_Input data_:

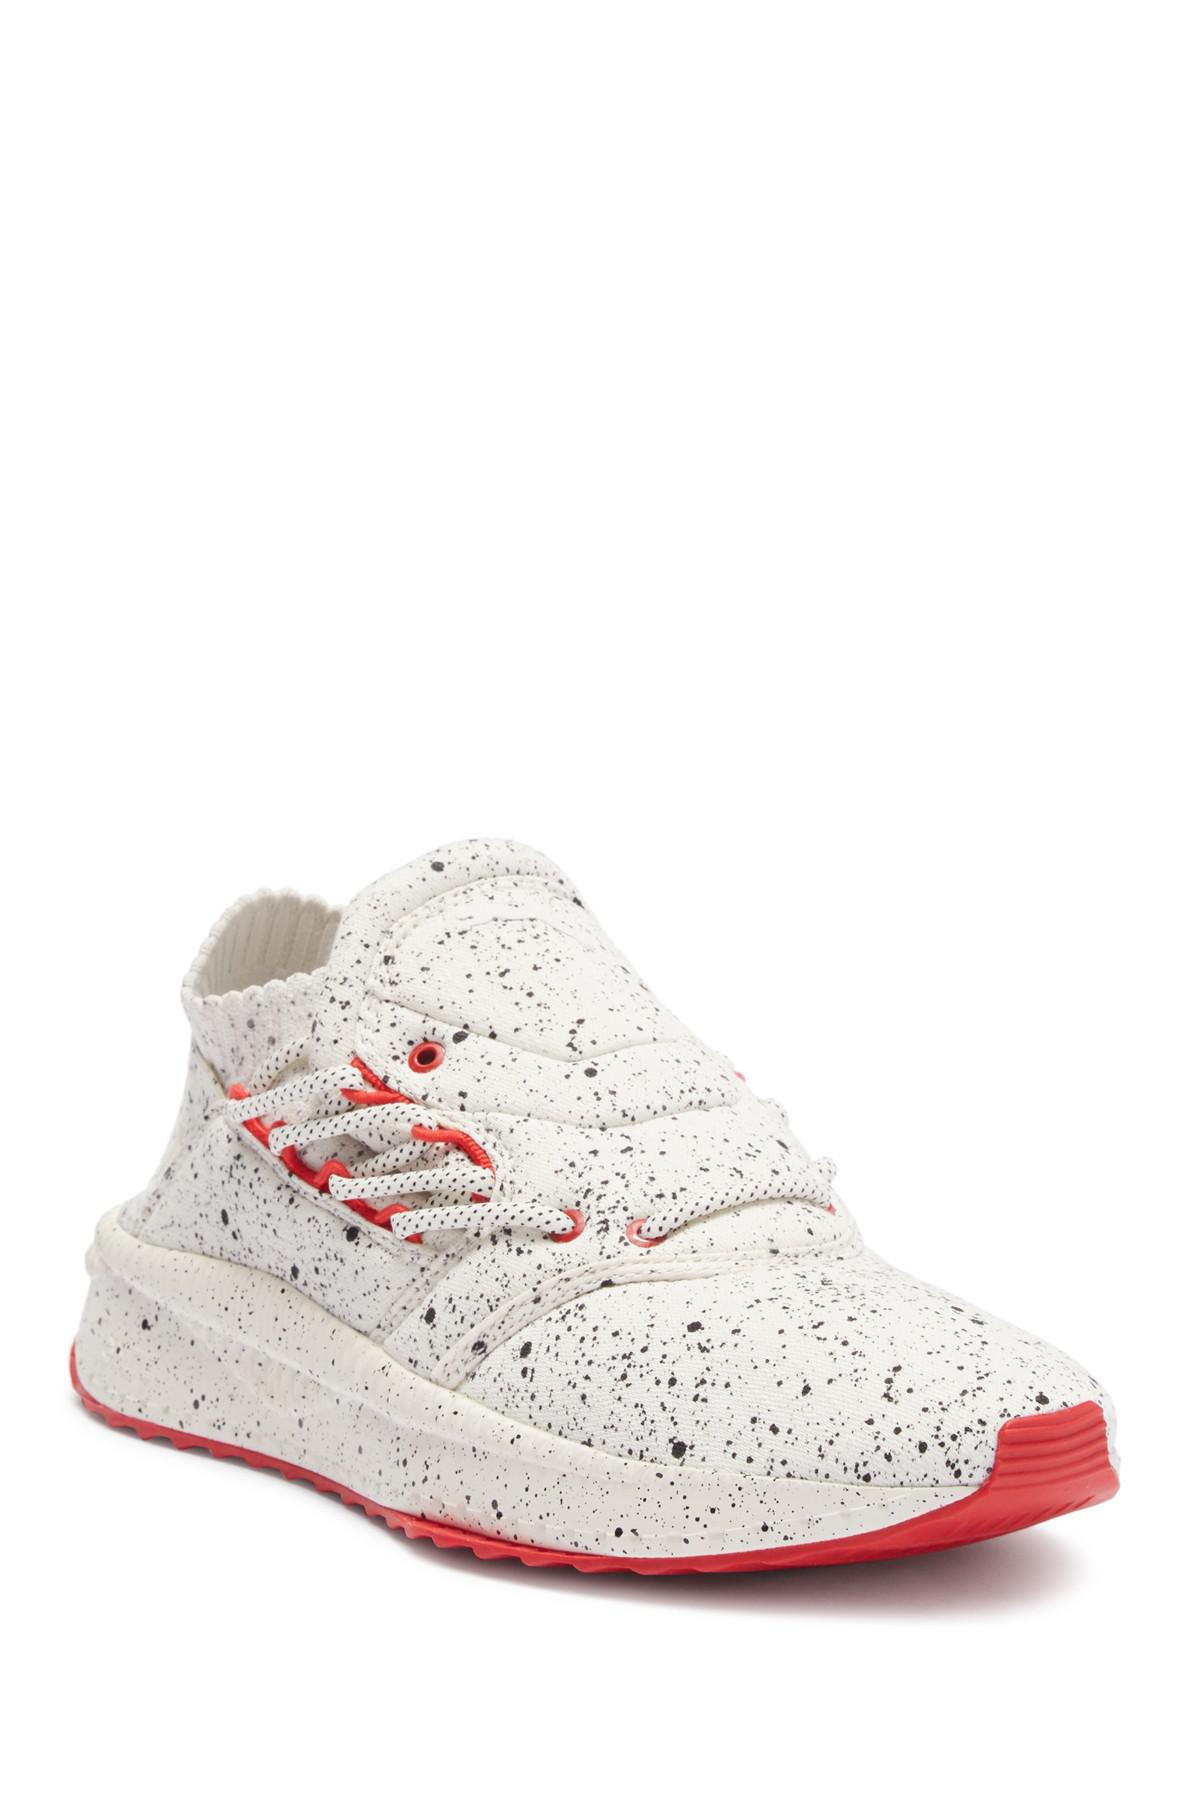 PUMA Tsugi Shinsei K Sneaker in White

* * *

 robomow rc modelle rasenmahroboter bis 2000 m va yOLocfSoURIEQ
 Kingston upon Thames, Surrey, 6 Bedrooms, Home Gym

---

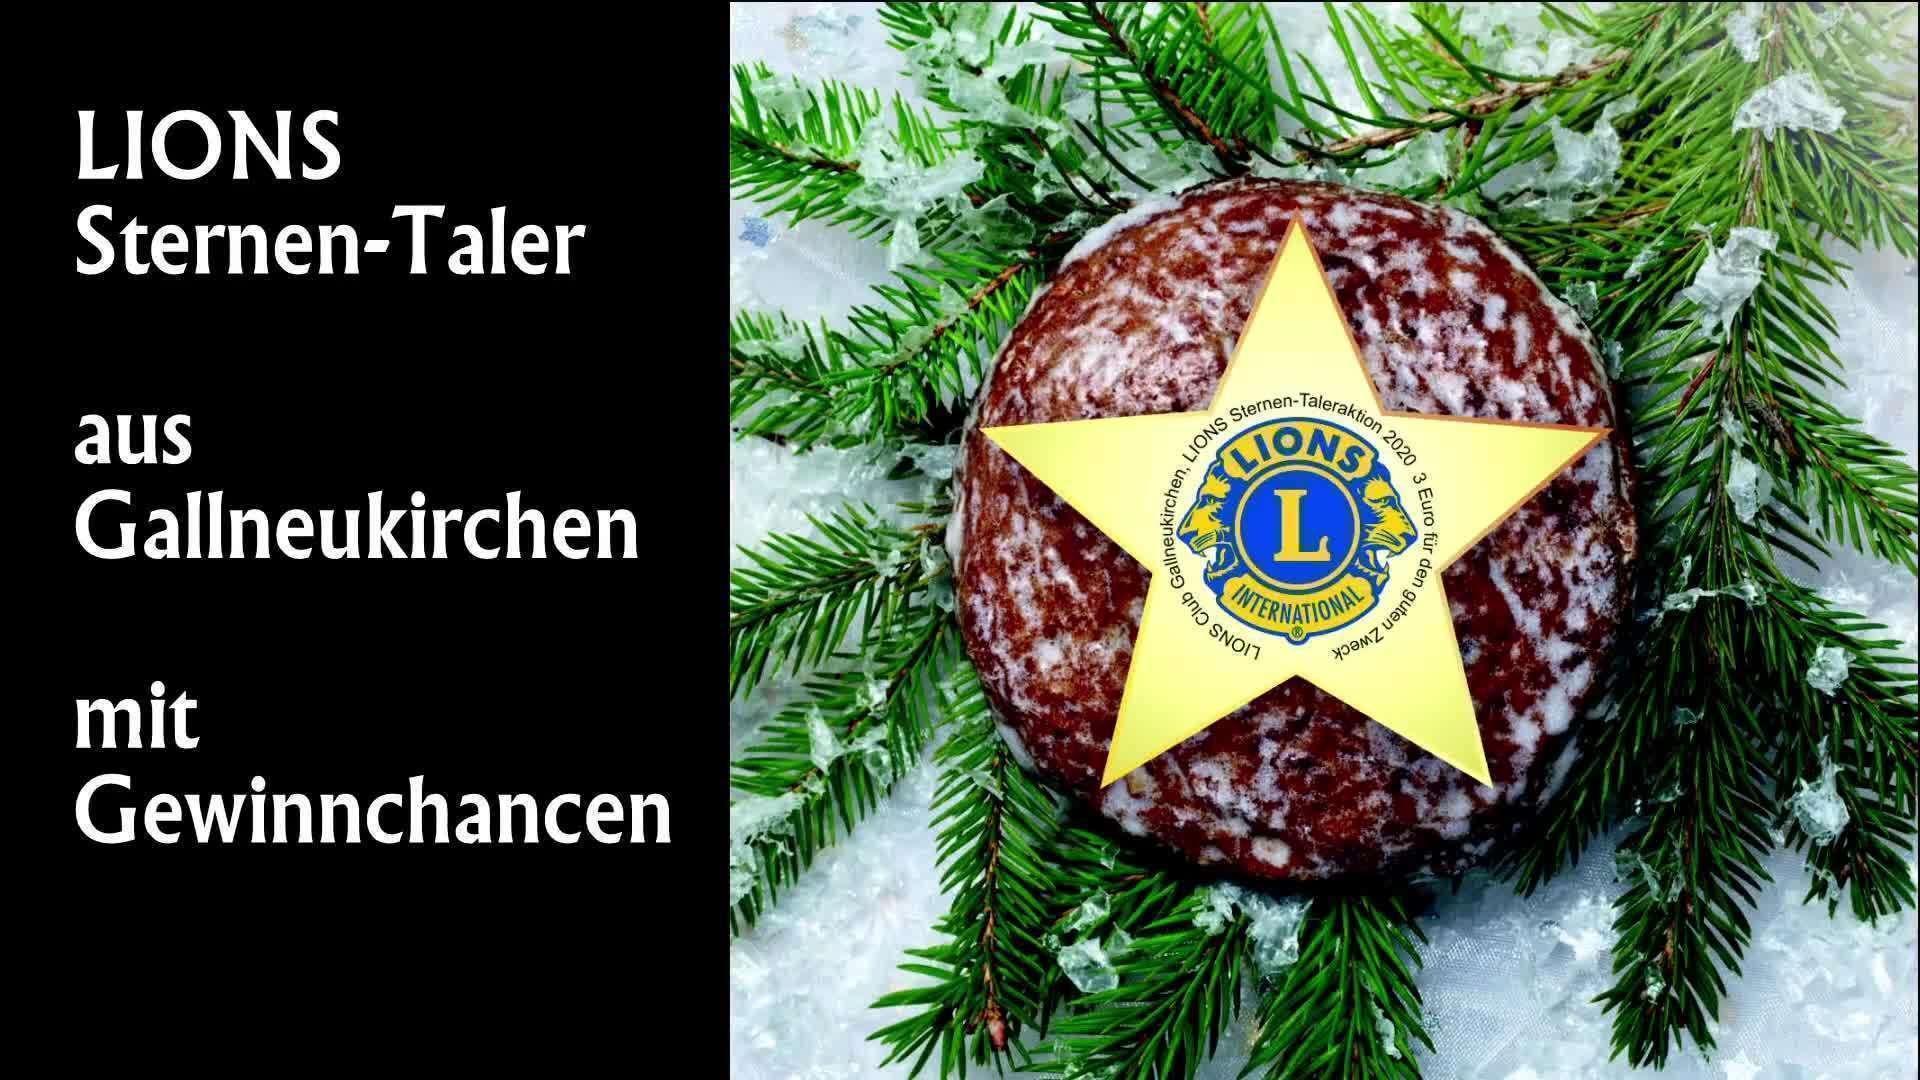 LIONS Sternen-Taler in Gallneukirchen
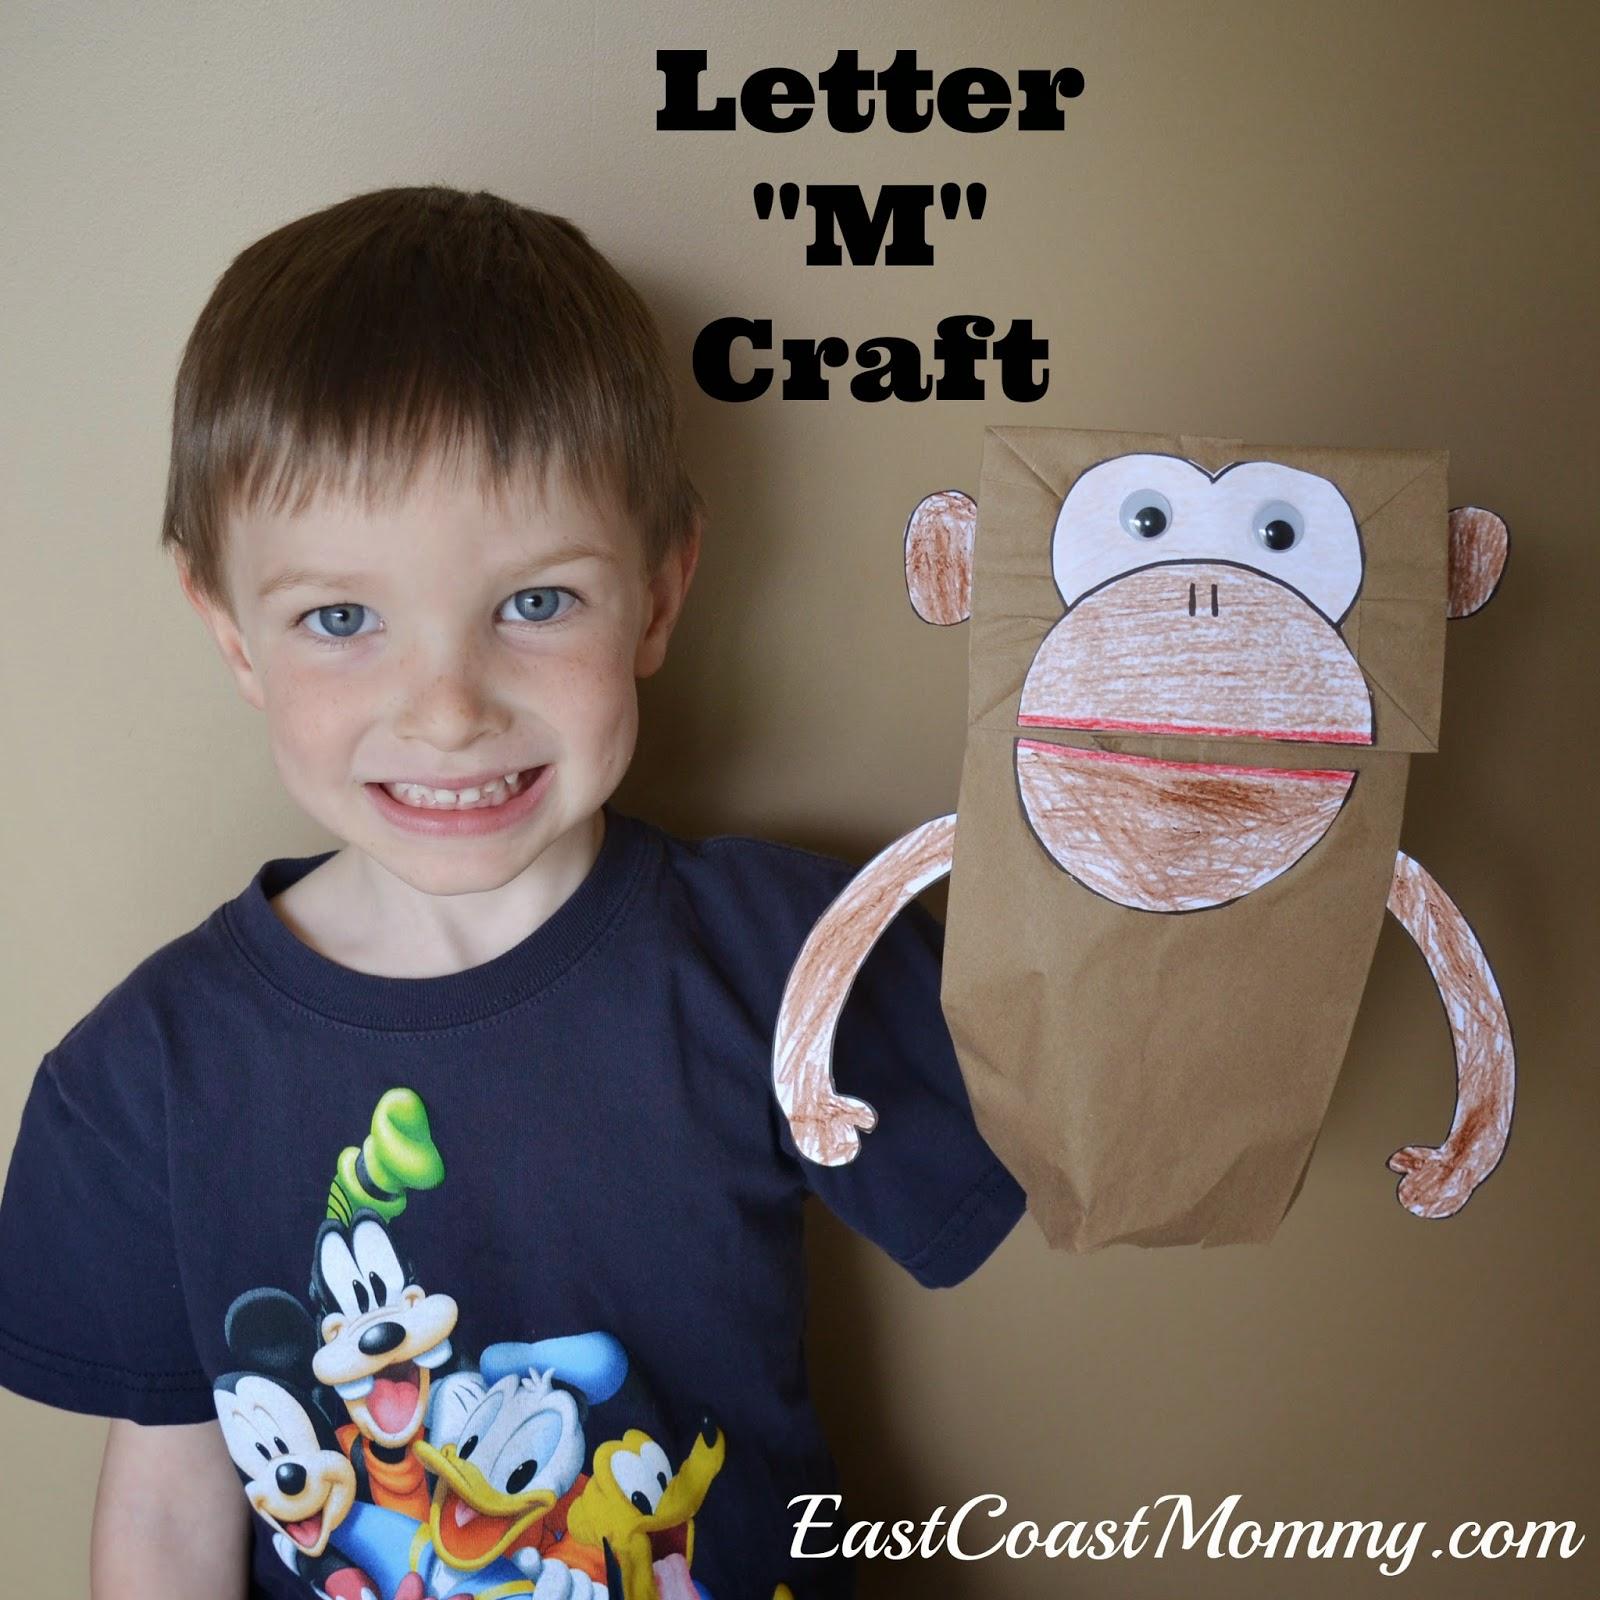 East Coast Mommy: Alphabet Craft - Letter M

_Exercise brief_: I'd like the lines above from the one with "robomow rc modelle" up to and including the one with "Kingston upon Thames, Surrey, 6" copied exactly, with no other lines.

_Task response_:
 robomow rc modelle rasenmahroboter bis 2000 m va yOLocfSoURIEQ
 Kingston upon Thames, Surrey, 6 Bedrooms, Home Gym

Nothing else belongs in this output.